Он едва заметно пожал плечами.

— Прямота Эпини не всем приходится по вкусу. Некоторых она раздражает. Кое-кто полагает, что неспособность или нежелание совладать с женой говорят об офицере не лучшим образом. Полковник не единожды отзывался об Эпини как о бельме на глазу, когда мы разговаривали. А чаще и вовсе не беседовал со мной без крайней необходимости.

— О Спинк, клянусь добрым богом, это несправедливо.

Его губы искривились в невеселой улыбке.

— Ничего не поделаешь. Я женился на Эпини, потому что хотел этого всем сердцем. Я оказался в этом полку, поскольку выбора у меня не было. И я не склонен смешивать обязательства разного рода. Но, — Спинк вздохнул снова, тяжелее — я знаю, что капитан Тайер находит поведение Эпини предосудительным. Он уже дважды лично беседовал со мной о ней.

— Недолго он протянул бы, будучи женатым на Карсине… — начал было я, но осекся, задумавшись, не оскорбил ли я покойную.

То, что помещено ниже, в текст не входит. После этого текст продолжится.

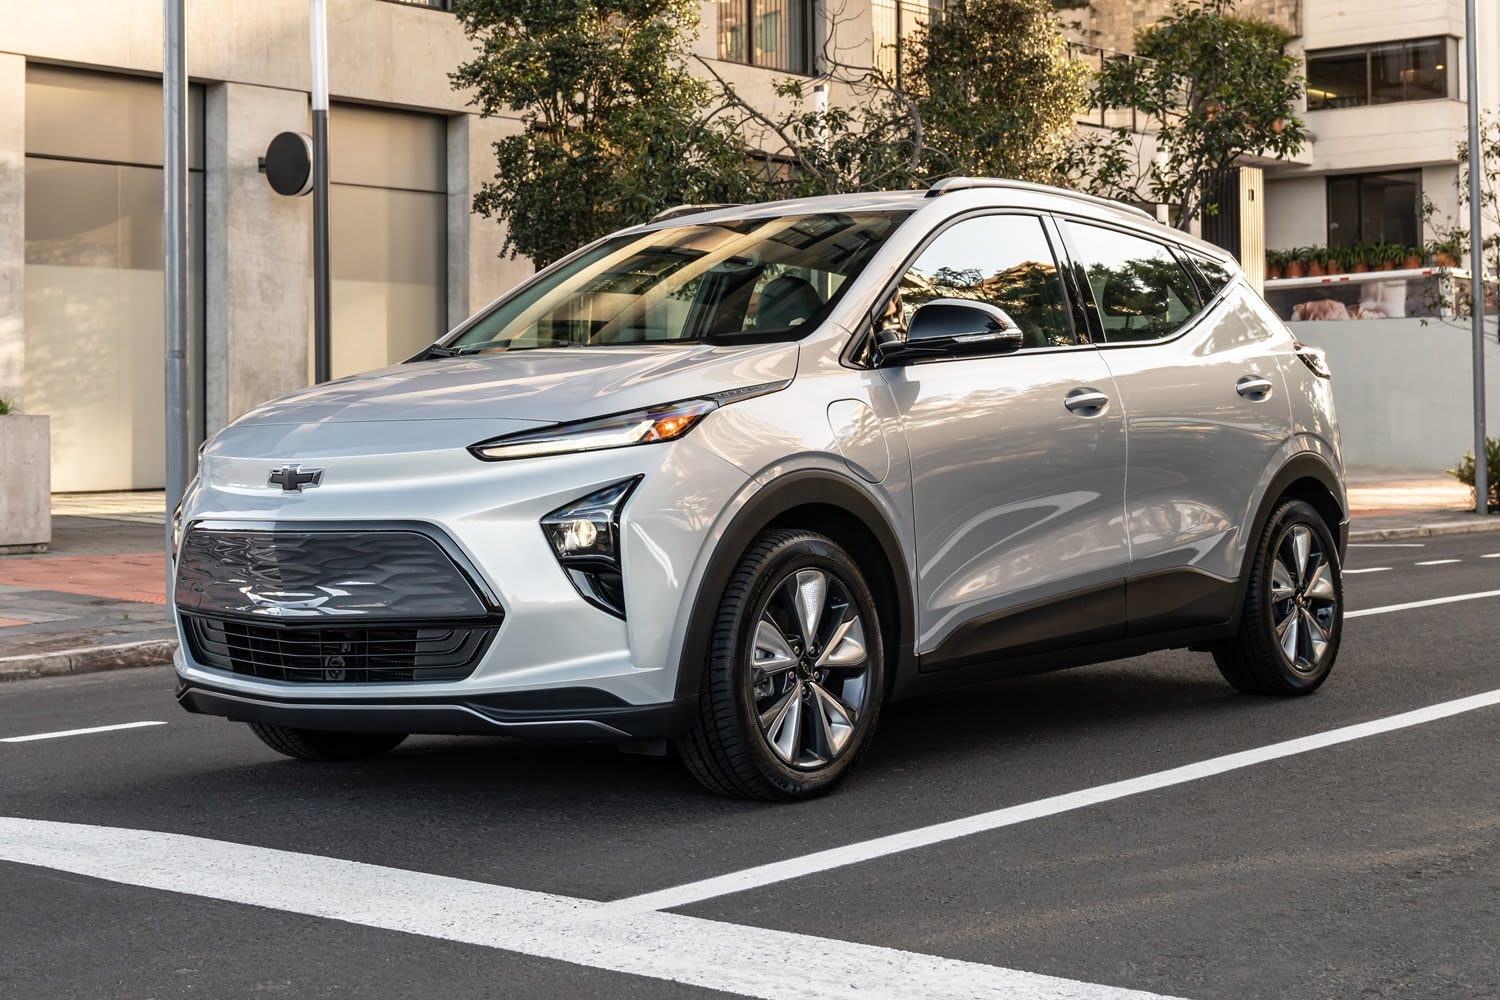 GM plans to lead legacy OEMs in 2023 with 7 Ultium-based EVs
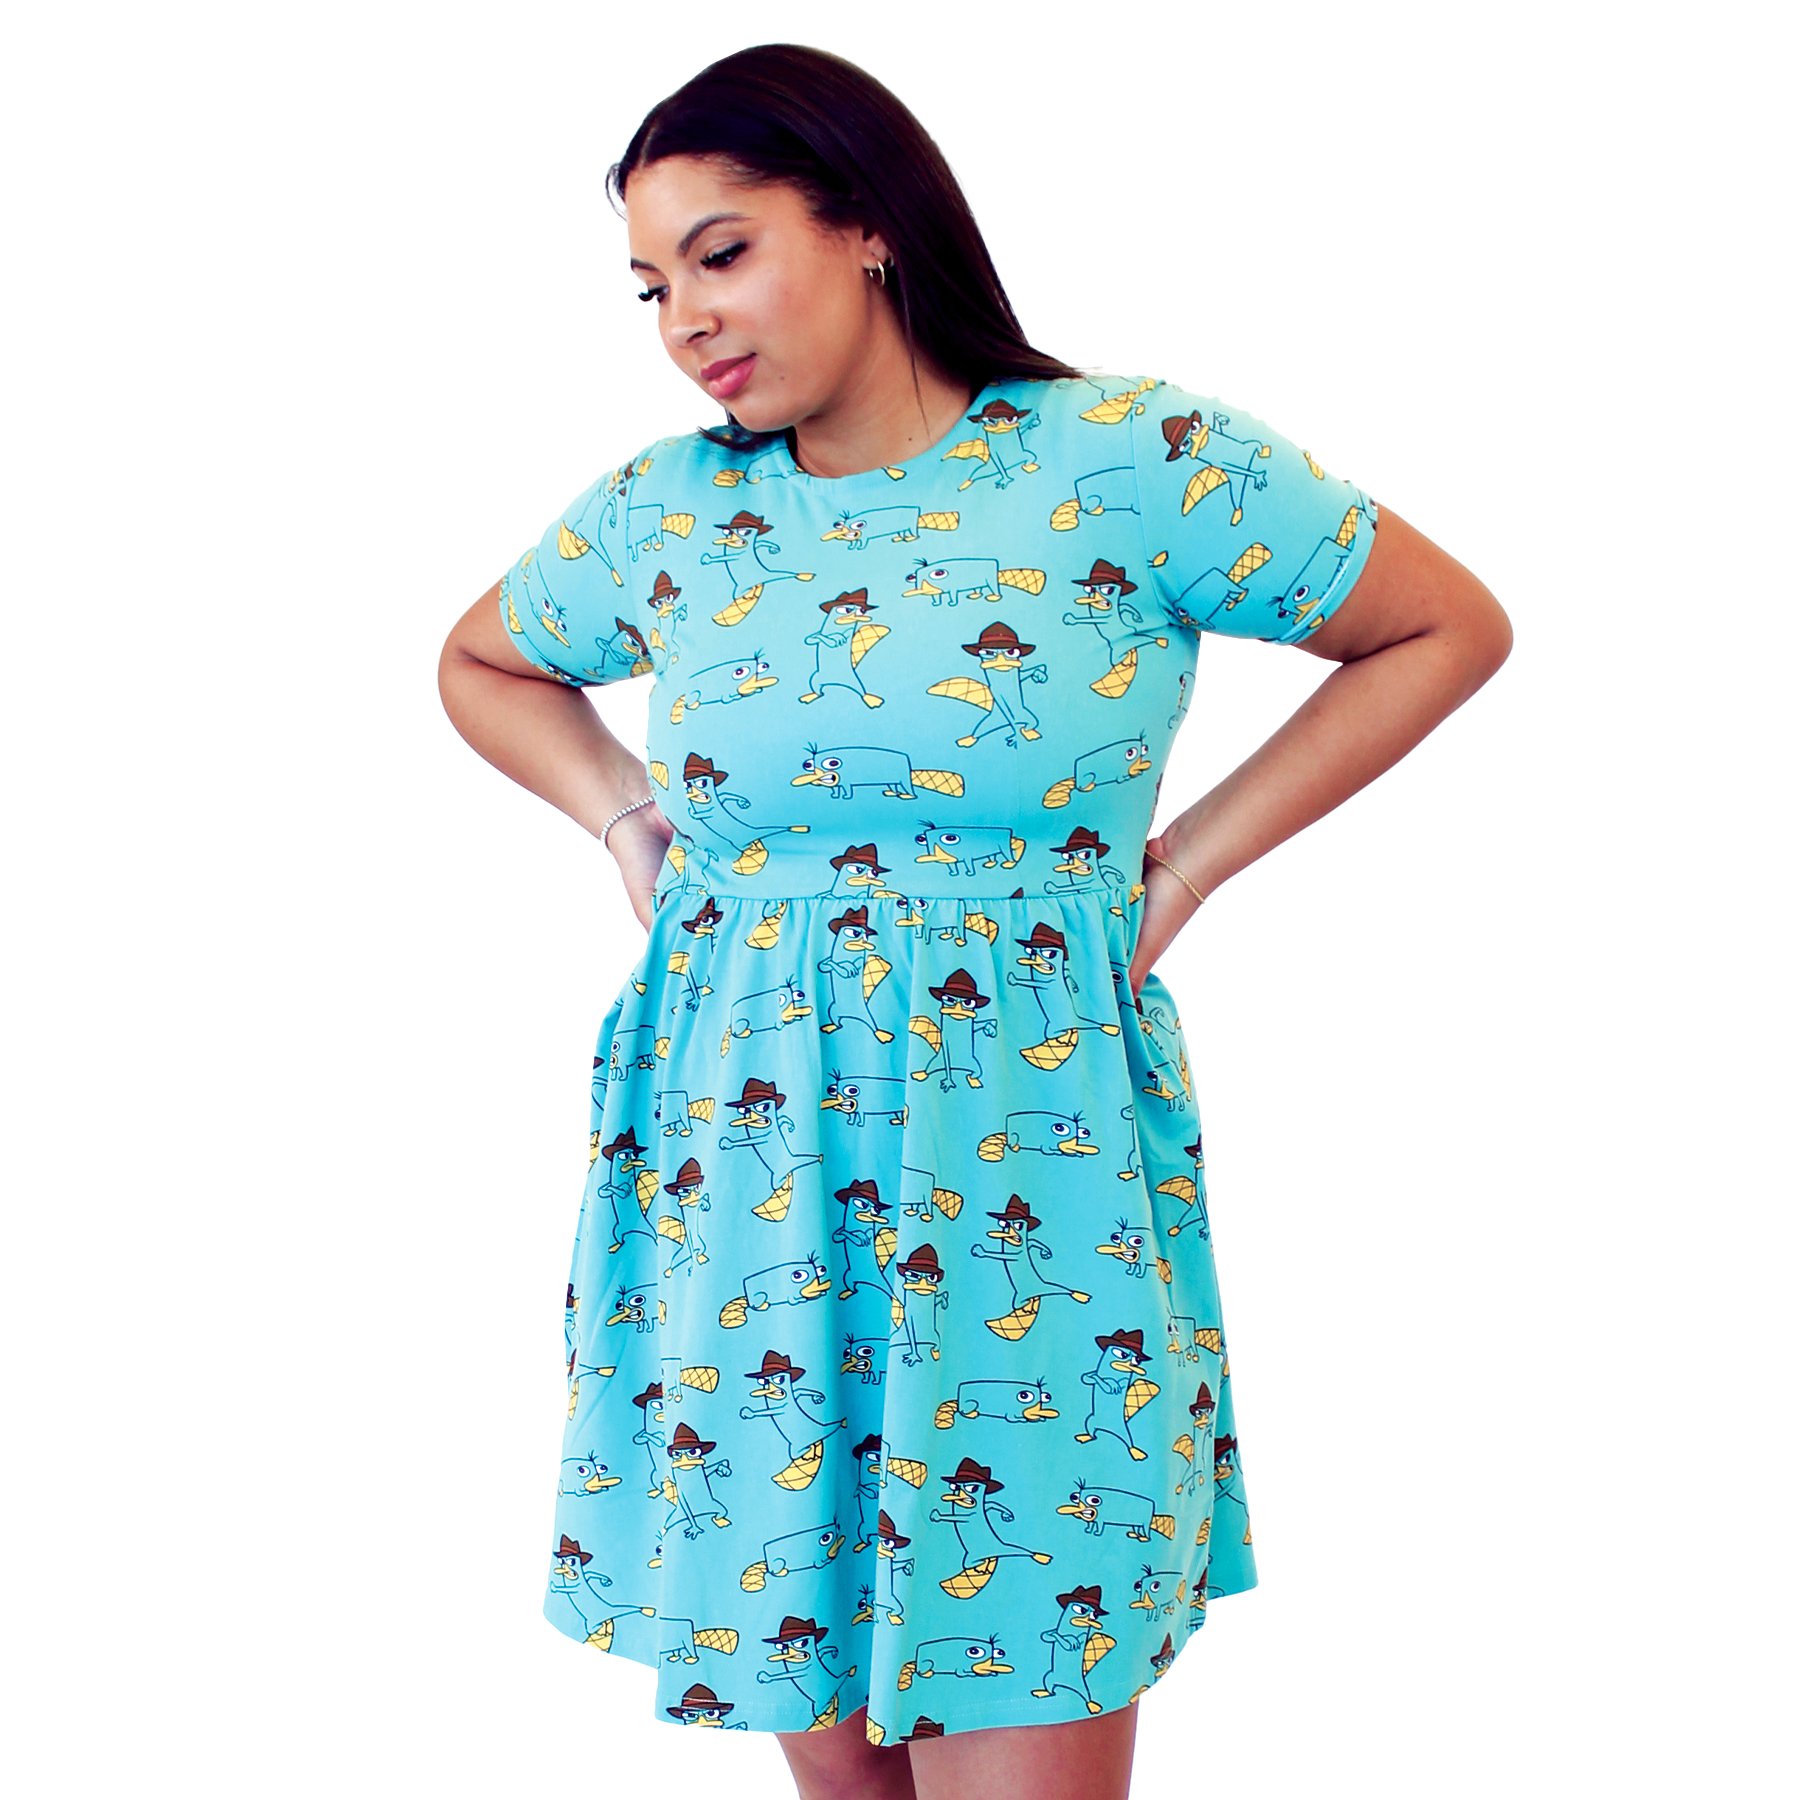 Perry the platypus dress

Но Спинк лишь коротко рассмеялся.

— Судя по тому немногому, что я о ней знал, ты прав. Если бы она выжила, он был бы совсем другим человеком. Добрый бог, это и ко всем нам относится, верно? Однако она умерла. И вот к чему мы пришли. Ее смерть и ее обман озлобили Тайера. Он отказывает себе во всем, что можно хотя бы отдаленно счесть греховным или даже приятным. Ну, это его дело, но теперь он навязывает свои ограничения и остальным, вводит запреты, а офицеров поучает, как им следует жить, чтобы подавать войскам «хороший пример». Изгнание из города шлюх уже было крайностью, но теперь он заявляет, что женщинам не следует выходить на улицу без сопровождения по вечерам и в Шестой день. Он хочет обязать всех, кто живет в форту, присутствовать на богослужениях и запретить солдатам выходить по делам в город на Шестой день.

— Готов поспорить, что Эпини с этим не соглашается.

— Сперва, когда он ужесточил правила поведения для мужчин, она решила, что командующий наконец прислушался к ее тревогам о безопасности женщин на улицах. Невар, в подобные крайности Тайер впал лишь в последние несколько недель. Никто, похоже, не понимает, что он намерен и дальше продолжать в том же духе. Сегодня он собрал всех офицеров, чтобы они увидели, как он вершит правосудие. Мужчины получили по пятнадцать плетей. Меня едва не стошнило от этого зрелища. Когда он взялся за женщину, некоторые из нас стали возражать. Я в том числе. Солдаты находятся под его командованием и подчиняются его приказам, сказал я, но женщина — нет. Тайер не стал нас слушать, но тогда женщина заявила, что стала шлюхой не по своей вине. Она просто не могла бы без этого выжить после того, как ее мужа убила Эмзил.

Он искоса глянул на меня, но я промолчал.

— Это заставило капитана Тайера сесть и прислушаться, — продолжил Спинк. — Эмзил не избегала его после той ночи: скорее, она, наоборот, старалась попадаться ему на глаза. При каждой возможности она обращалась к нему: «Хорошо ли проводите время, капитан Тайер? Приятная нынче погода, не правда ли, капитан Тайер?» Она стала зеркалом его вины, постоянным живым напоминанием о той ночи, когда он поступил недостойно. А эта вдова дала ему превосходный повод избавиться от Эмзил. Он тут же отправил за ней двух солдат, чтобы устроить очную ставку с обвинительницей. Всем известно, что Эмзил служит у меня, поэтому они сперва направились ко мне домой. Благодарение доброму богу, капитан позволил мне пойти с ними; я сказал, что не желаю, чтобы посторонние врывались в мой дом и тревожили мою хрупкую жену.